# Brake Fluid in Brake Booster Servo - Cleaning



## Tubes (May 13, 2002)

Old car that's been sitting around, it's a Porsche 924 but it is really a VW for all intensive purposes. The master cylinder ruptured and there is a little bit of fluid collected in the bottom of the booster. I plan on removing it to drain it out but wondering if it is safe to spray a cleaner up in there. Might be best just to have it rebuilt but not sure what outfit offers a rebuild on these things.

Anyone ever clean out a brake booster?

Who rebuilds brake boosters? 

Thanks!


----------



## Butcher (Jan 31, 2001)

Brake boosters are brake fluid proof but I would not spray any cleaning chemicals inside it. You have no idea what damage you could do to the rubber and plastic parts. 
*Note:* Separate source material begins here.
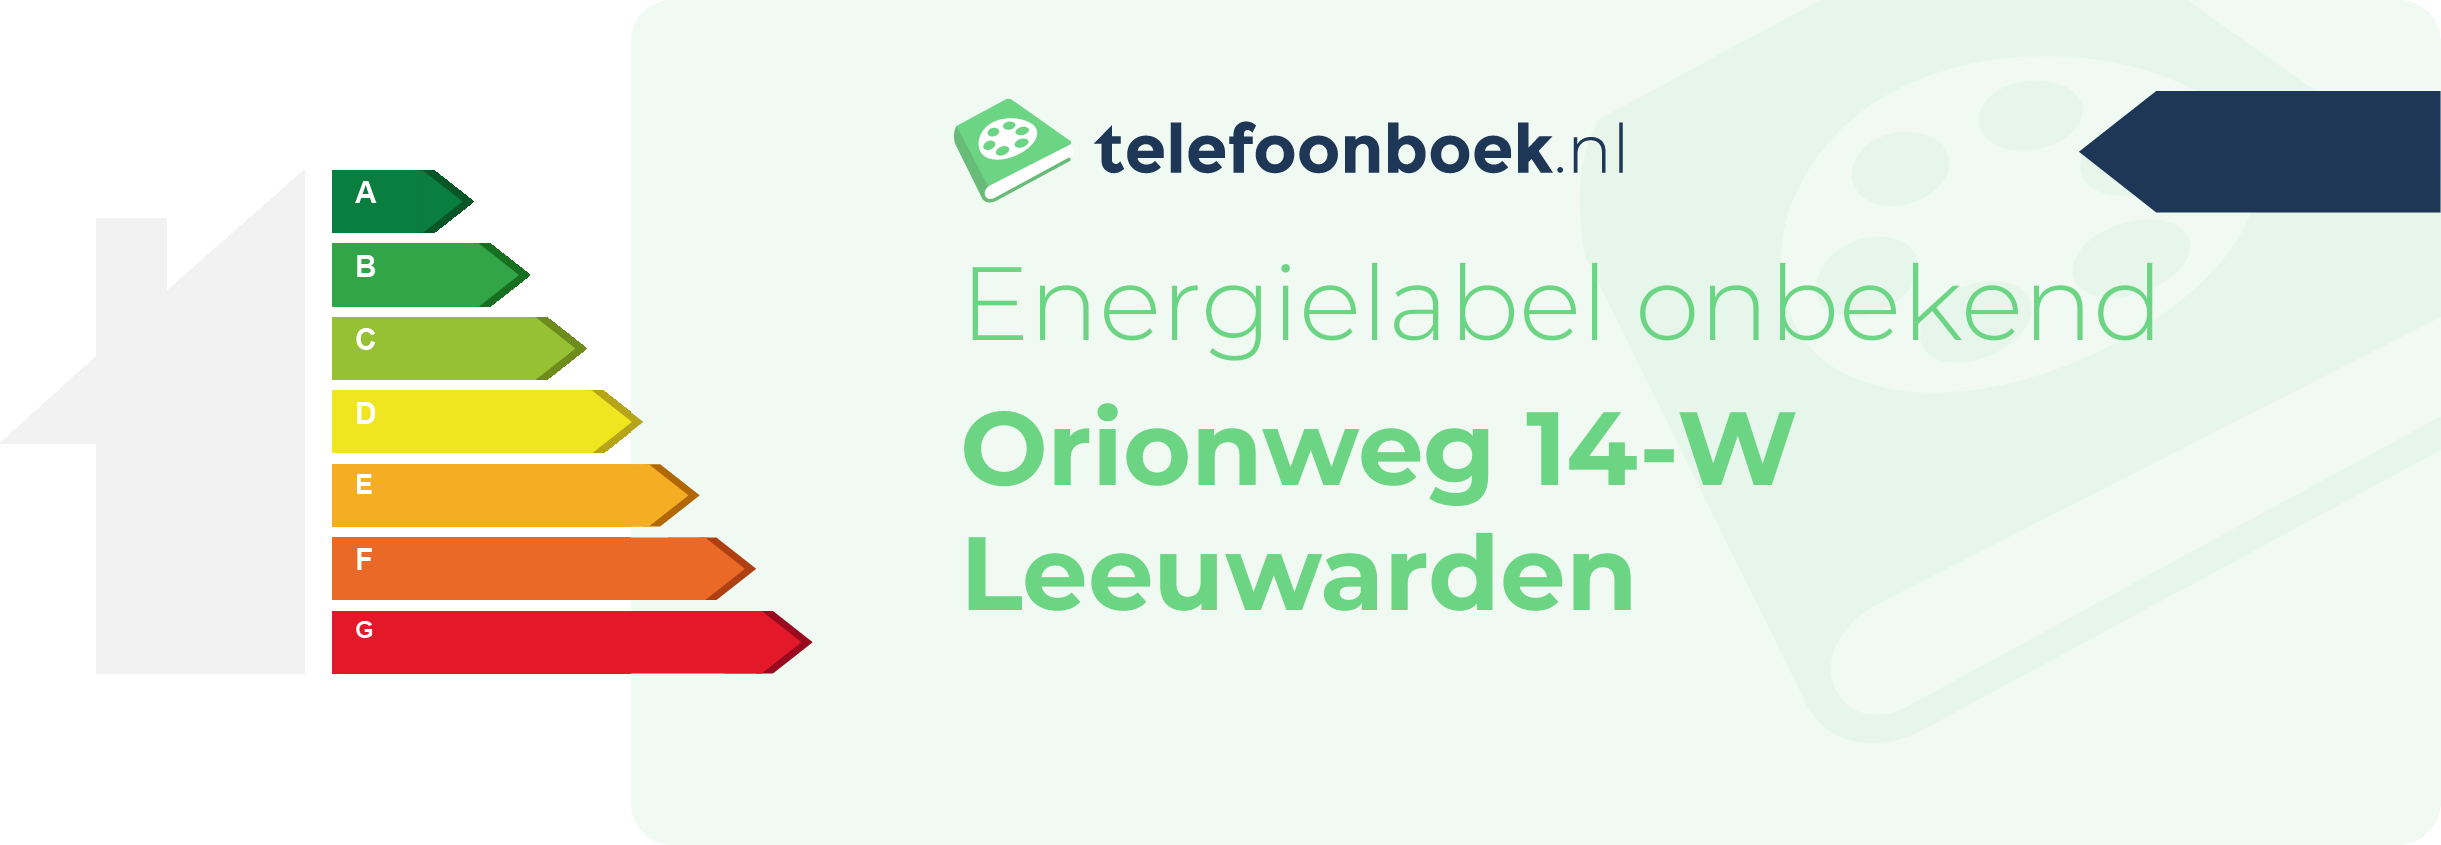 Energielabel Orionweg 14-W Leeuwarden

Take it out, drain as much as you can and call it good. If you have a oil evacuator, you can try to suck it out too. Make certain you do not get any engine oil in there. That for certain will ruin it. BMW's fail often with engine oil in the booster.


----------



## garryt (Dec 22, 2016)

you might be able to buy a new seal kit for the master cylinder.


----------



## Tubes (May 13, 2002)

I bought a new ATE master. Not going to mess with a rebuild

I plan to remove the booster and see how well I can clean it out.


----------